SUM FIELDS JCL: Record Summation and Duplicate Elimination
The SUM FIELDS JCL statement indicates that when two records have equal control fields in a SORT or merge operation, the summary fields are summed, the sum is placed in one of the records, and the other is deleted. If the EQUALS option is activated, the first record is retained; if the NOEQUALS option is activated, the retained record is unpredictable.
SUM FIELDS JCL: Example of Command Usage
Here is an example of SUM FIELDS JCL where the program sorts records by customer ID, sums the sales for each customer, and eliminates duplicates. The result is an output file with a single record per customer, displaying the total sum of their sales.
//SORTJOB JOB ...
//STEP1 EXEC PGM=SORT
//SYSOUT DD SYSOUT=*
//SORTIN DD DSN=input.dataset,DISP=SHR
//SORTOUT DD DSN=output.dataset,DISP=(NEW,CATLG,DELETE),
// UNIT=SYSDA,SPACE=(CYL,(5,5)),DCB=(RECFM=FB,LRECL=80)
//SYSIN DD *
SORT FIELDS=(1,3,CH,A)
SUM FIELDS=(10,3,ZD),FORMAT=BI
/*
Input Data: The program takes as input a data file named input.dataset. This file contains sales information, with columns for customer ID, first name, last name, and sales amount.

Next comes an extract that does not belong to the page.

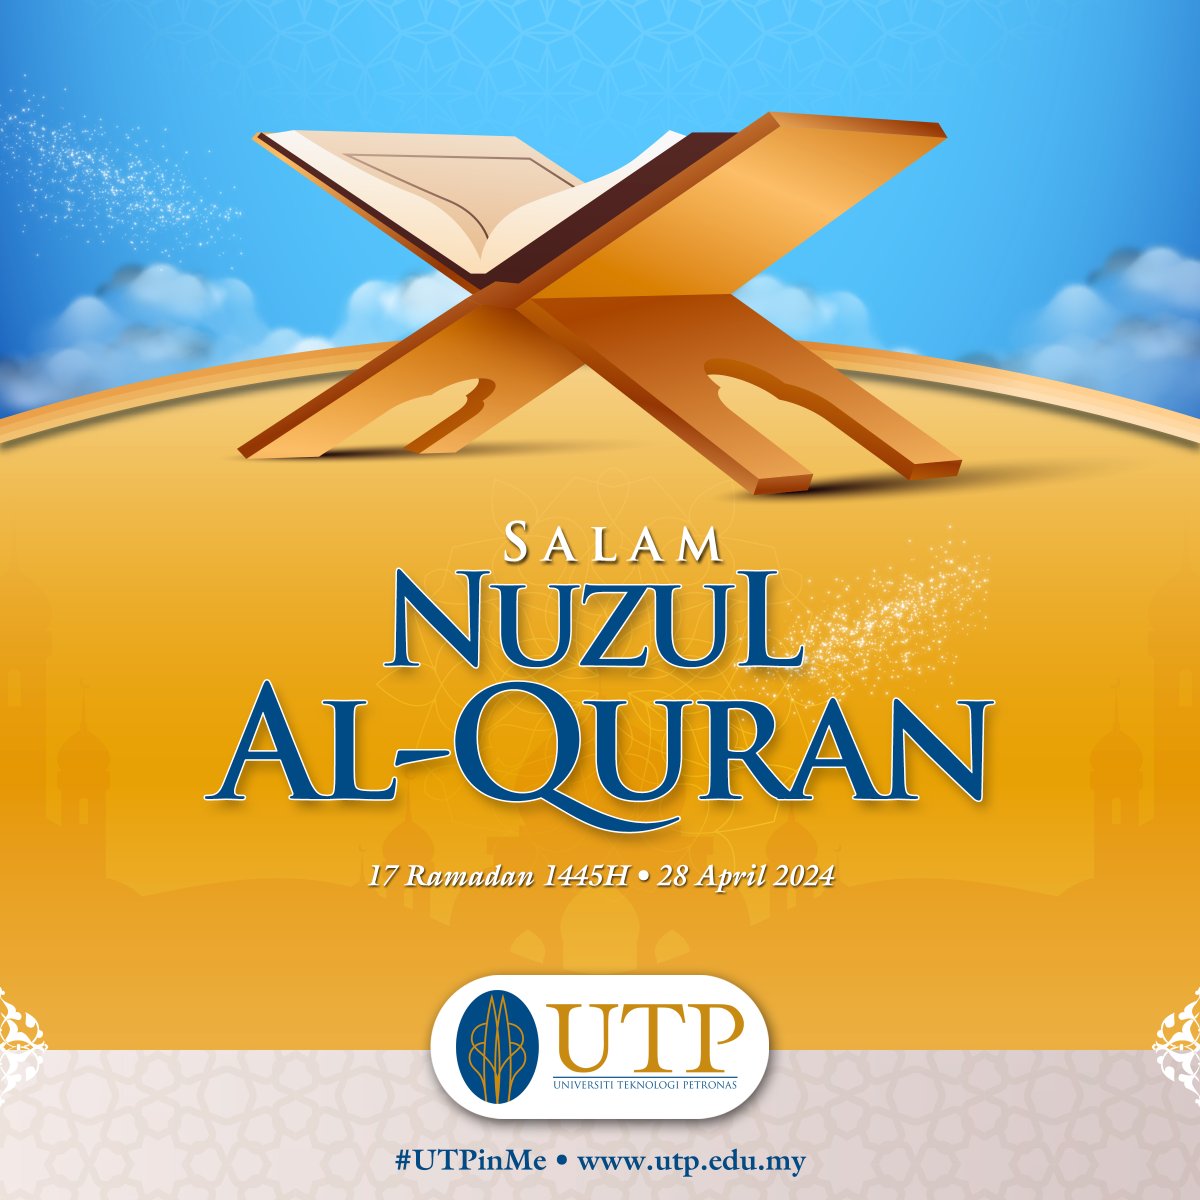 UTP sincerely wishes Salam Nuzul Al-Quran. Let us persevere in reading and reflecting the Quran, as it reflects the disposition of those who seek wisdom, counsel, and guidance from its verses.

Sorting: The first step of the program is to sort the records in the input file by customer ID (ID) in ascending order. This is done using the statement SORT FIELDS=(1,3,CH,A), which specifies that records should be sorted based on the first 3 characters (the ID column) as the sorting key.
Field Summation: Next, the program uses the statement SUM FIELDS=(10,3,ZD),FORMAT=BI to sum the values in the Sales column for each customer ID. The part (10,3,ZD) indicates that the program will sum the field from position 10 to 12 in each record, which represents the sales amount, and FORMAT=BI specifies that these values should be treated as unsigned binary integers.
Output Data: The final result is written to a file named output.dataset, which contains unique records with the accumulated sum in the Sales column for each customer ID.
Input file (input.dataset):
ID NAME SURNAME SALES
-----------------------------------
001 JOHN SMITH 100
002 MARY JOHNSON 150
001 JOHN SMITH 200
003 CHARLES DAVIS 300
002 MARY JOHNSON 250
Result after processing (output.dataset):
ID NAME SURNAME SALES
-----------------------------------
001 JOHN SMITH 300
002 MARY JOHNSON 400
003 CHARLES DAVIS 300
Summary Field Formats and Lengths in SUM FIELDS JCL
Summary Field Format Code | Length | Description |
BI | 2, 4, or 8 bytes | Unsigned binary |
FI | 2, 4, or 8 bytes | Signed fixed-point |
FL | 4, 8, or 16 bytes | Signed hexadecimal floating-point |
PD | 1 to 16 bytes | Signed packed decimal |
ZD | 1 to 31 bytes | Signed zoned decimal |
SUM FIELDS NONE: Duplicate Control
The SUM FIELDS NONE command in JCL is used to eliminate duplicate records based on a specified sorting key during the data sorting and summarization operation. When using SUM FIELDS NONE, the system retains only a single record for each unique value of the sorting key, thereby eliminating duplicate records.
Example of SUM FIELDS NONE
Here is a simplified example of how to use SUM FIELDS NONE
in JCL to remove duplicate records based on a sorting key:
Suppose you have an input file named input.dataset
with the following structure:
Input File
ID NAME SURNAME
--------------------------
001 JOHN SMITH
002 MARY JOHNSON
001 JOHN SMITH
003 CHARLES DAVIS
002 MARY JOHNSON
And you want to eliminate duplicate records based on the “ID” field. You can use SUM FIELDS NONE
to achieve this in your JCL:
//SORTJOB JOB …
//STEP1 EXEC PGM=SORT
//SYSOUT DD SYSOUT=*
//SORTIN DD DSN=input.dataset,DISP=SHR
//SORTOUT DD DSN=output.dataset,DISP=(NEW,CATLG,DELETE),
// UNIT=SYSDA,SPACE=(CYL,(5,5)),DCB=(RECFM=FB,LRECL=80)
//SYSIN DD *
SORT FIELDS=(1,3,CH,A)
SUM FIELDS=NONE
/*
After executing this JCL, the output file output.dataset
will contain only the unique records based on the “ID” field:
Output File
ID NAME SURNAME
--------------------------
001 JOHN SMITH
002 MARY JOHNSON
003 CHARLES DAVIS
As shown in the example, duplicate records based on the “ID” field have been eliminated, keeping only one instance of each unique value of the sorting key. This simplifies and reduces redundancy in the output dataset.